Hi Paul,

--On January 31, 2015 at 2:34:46 PM -0800 Paul Eggert <[email protected]> wrote:

some devices such as central heating controllers
would not need a processor capable of the sort of processing power
needed to handle that

Even the lowliest central heating controller can easily handle the entire
tz database, if only to discard unneeded parts as they're received.
We're talking kilobytes here, not gigabytes or even megabytes.

Well in this day and age the IETF really ought to also require an "Environmental Considerations" section in specs too, alongside "Security" and "Privacy". If that were a factor here (and I don't see why it would not be) then clearly sending all the data (and throwing away all but one) vs sending just one tz is an added impact on power usage for all devices involved (servers, clients, network hardware). Yes we are talking about kilobytes per device but you have to multiply that by the number of devices (which with internet of things is only going to increase beyond what we have now).
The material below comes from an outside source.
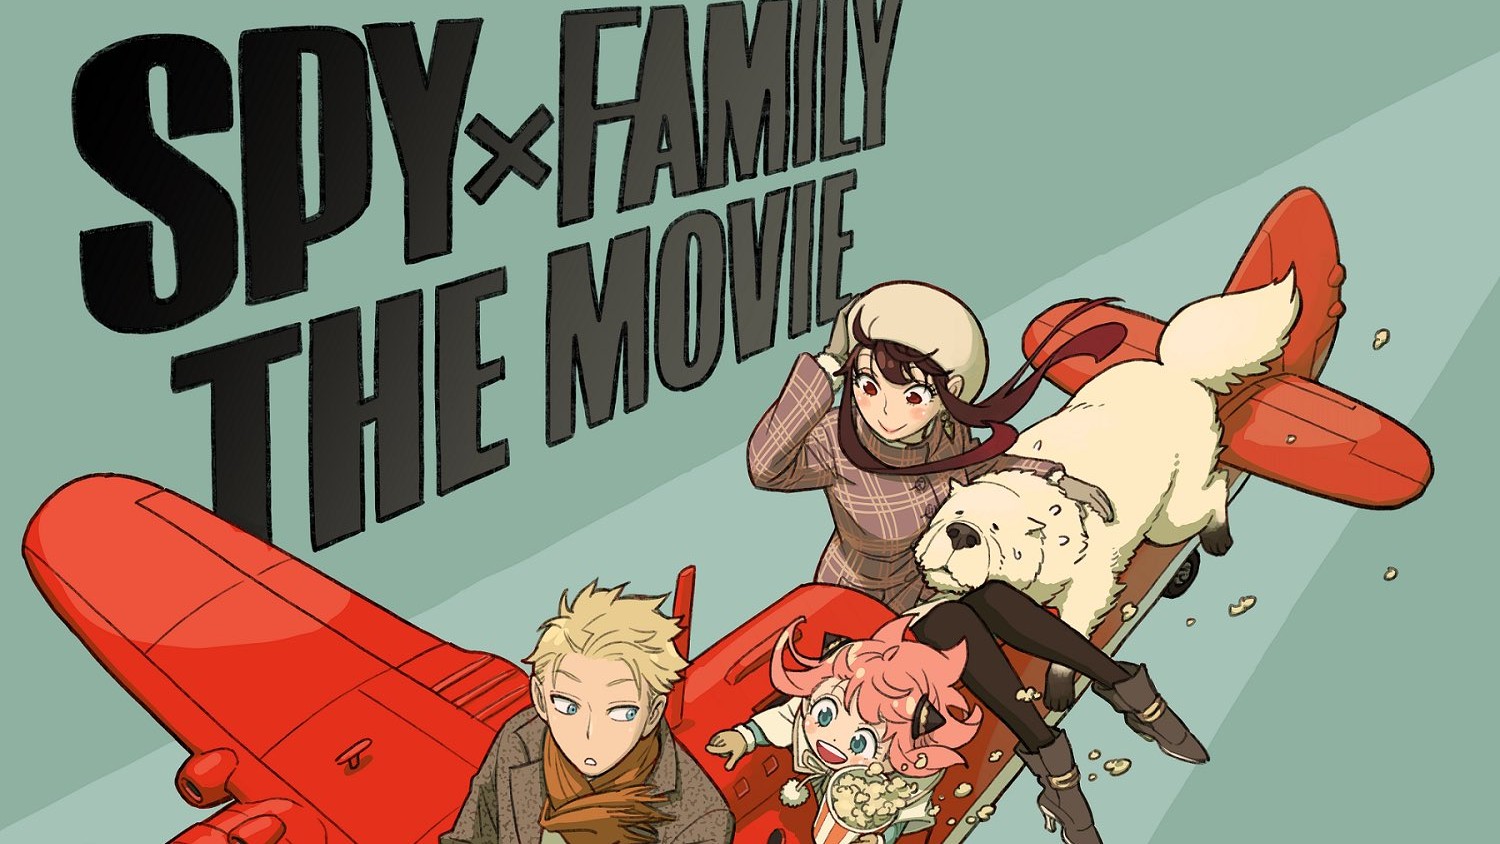 Spy x Family Part 2 - Episódio 7 - Animes Online
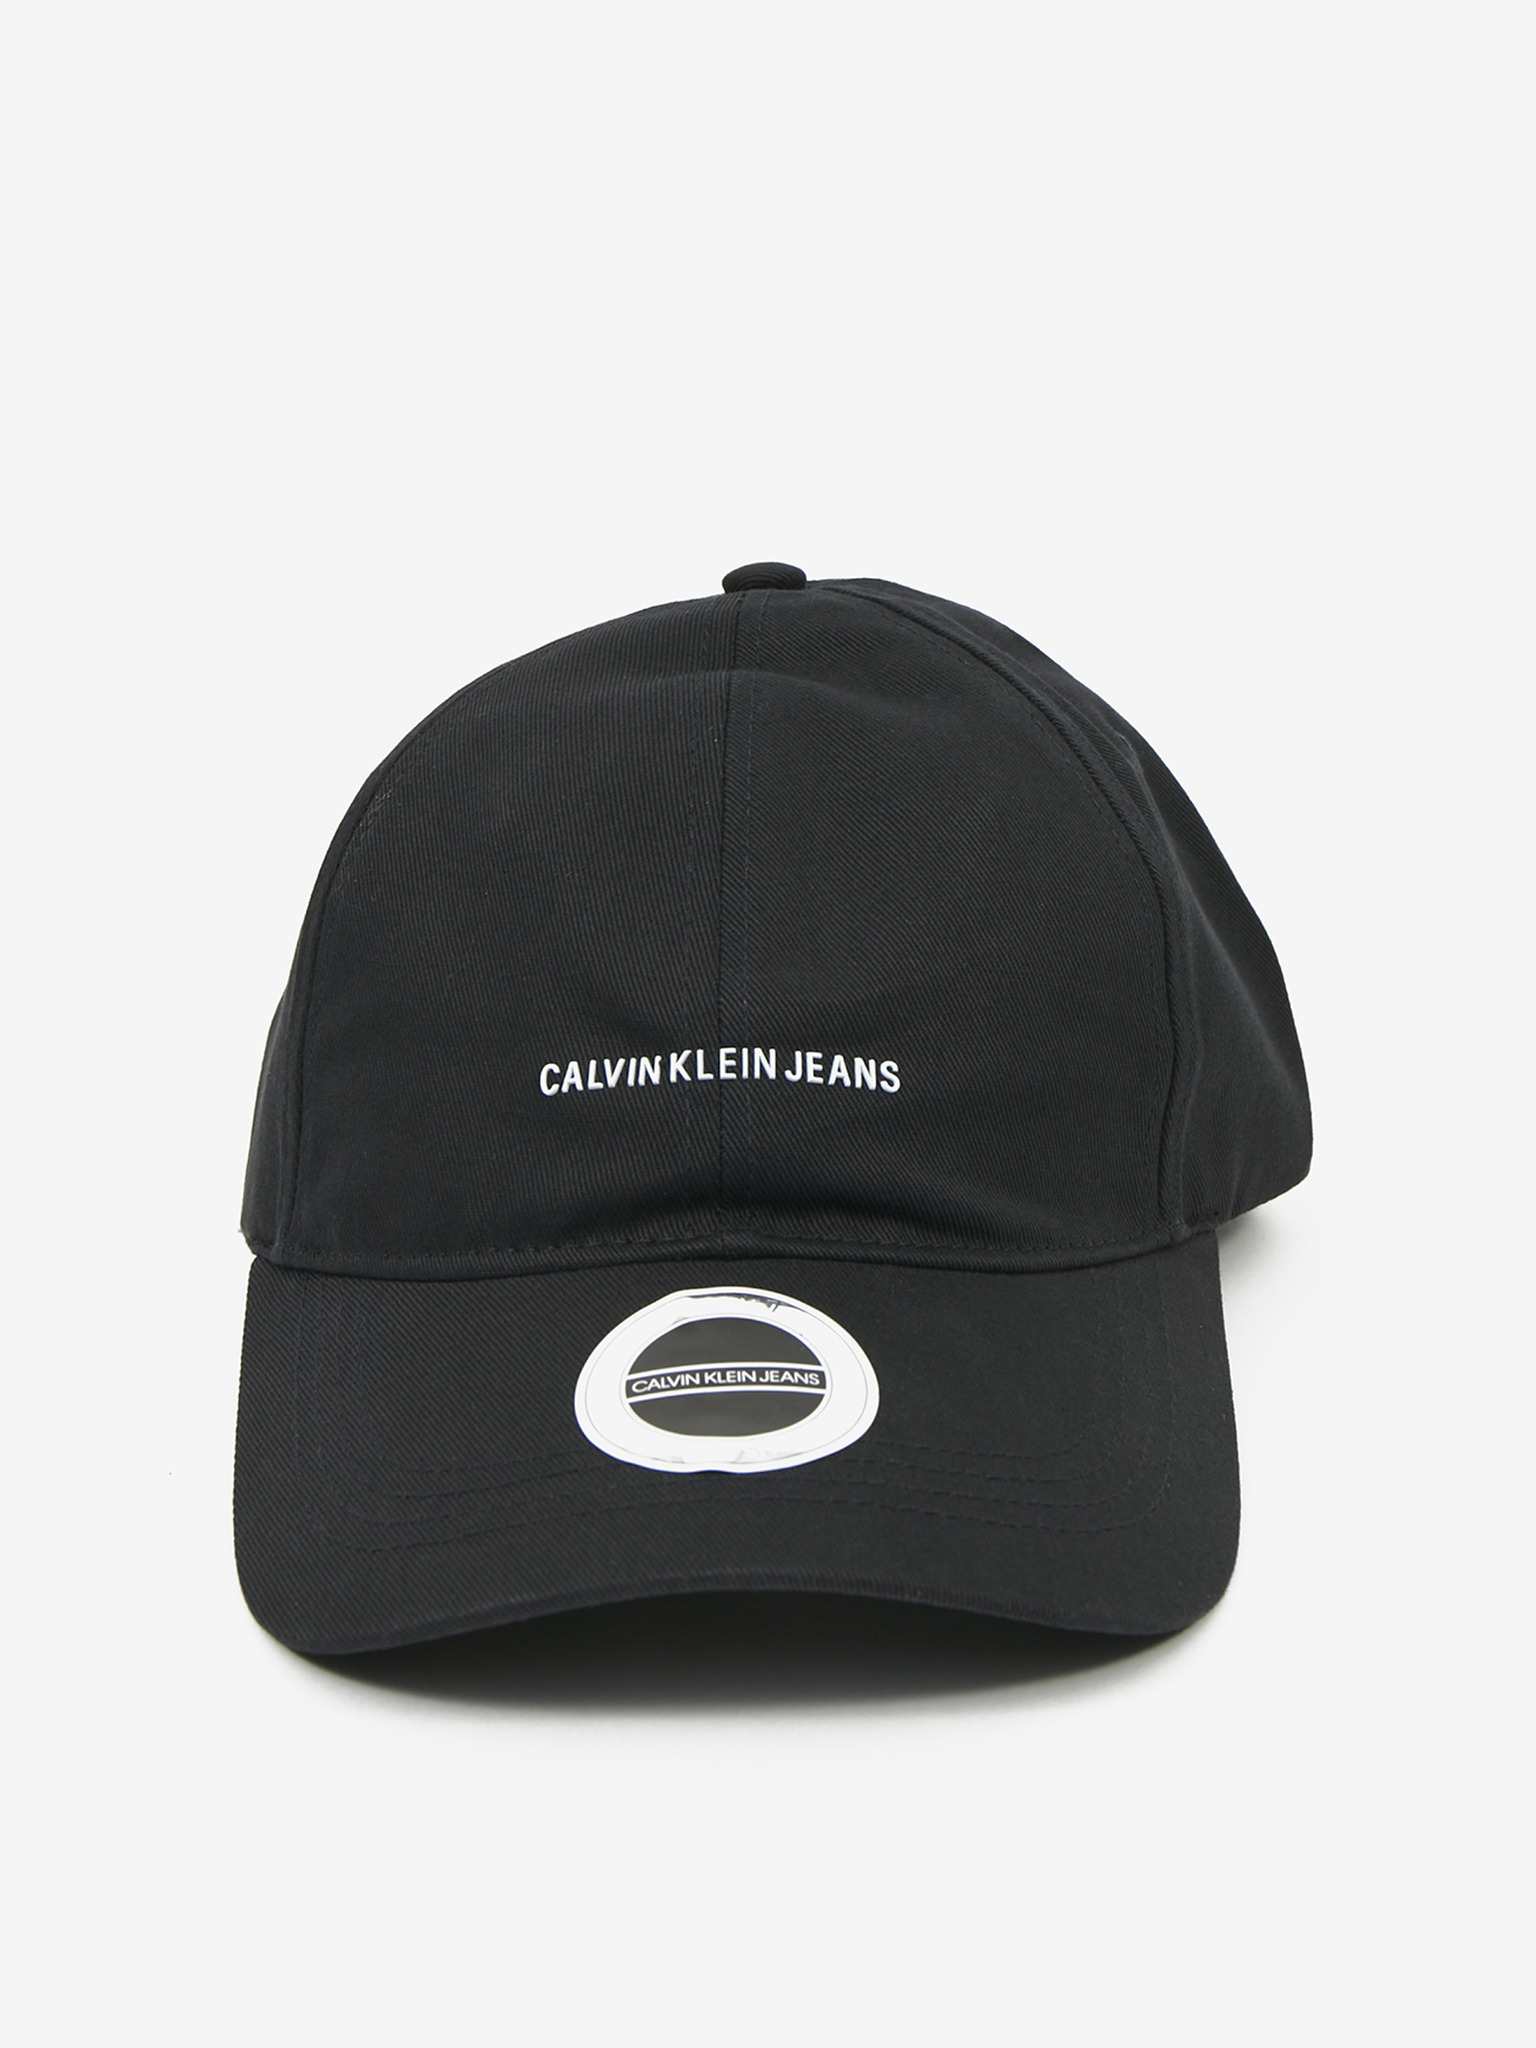 Calvin Klein Jeans - Institutional Micro Cap

As with everything there are trade offs involved here. For a personal device, yes I do want strong privacy for key aspects of data that device might use (the obvious one being location information). However, for "fixed" devices, like a wall-clock in an office building, in all likelihood the exposure of revealing what time zone it is configure to use is likely small.

At this point I do think it worthwhile to give clients the option to chose what is appropriate for them given the trade offs. So it does make sense to provide a "full set of tz data" option in the protocol to allow clients to get the entire set of current data without exposing which specific time zone(s) they are actually interested in (which would also remove the need for them to use etags). How about a "getall" action using a /allzones URI to retrieve all the data. The only tricky part might be explaining how the data is returned. For iCalendar-based formats that is easy as multiple VTIMEZONEs would be included in a single VCALENDAR calendar object. For the binary tz data format, I am not sure whether simply concatenating the binary data for all tzs is valid - that is something that that format will need to be clear about.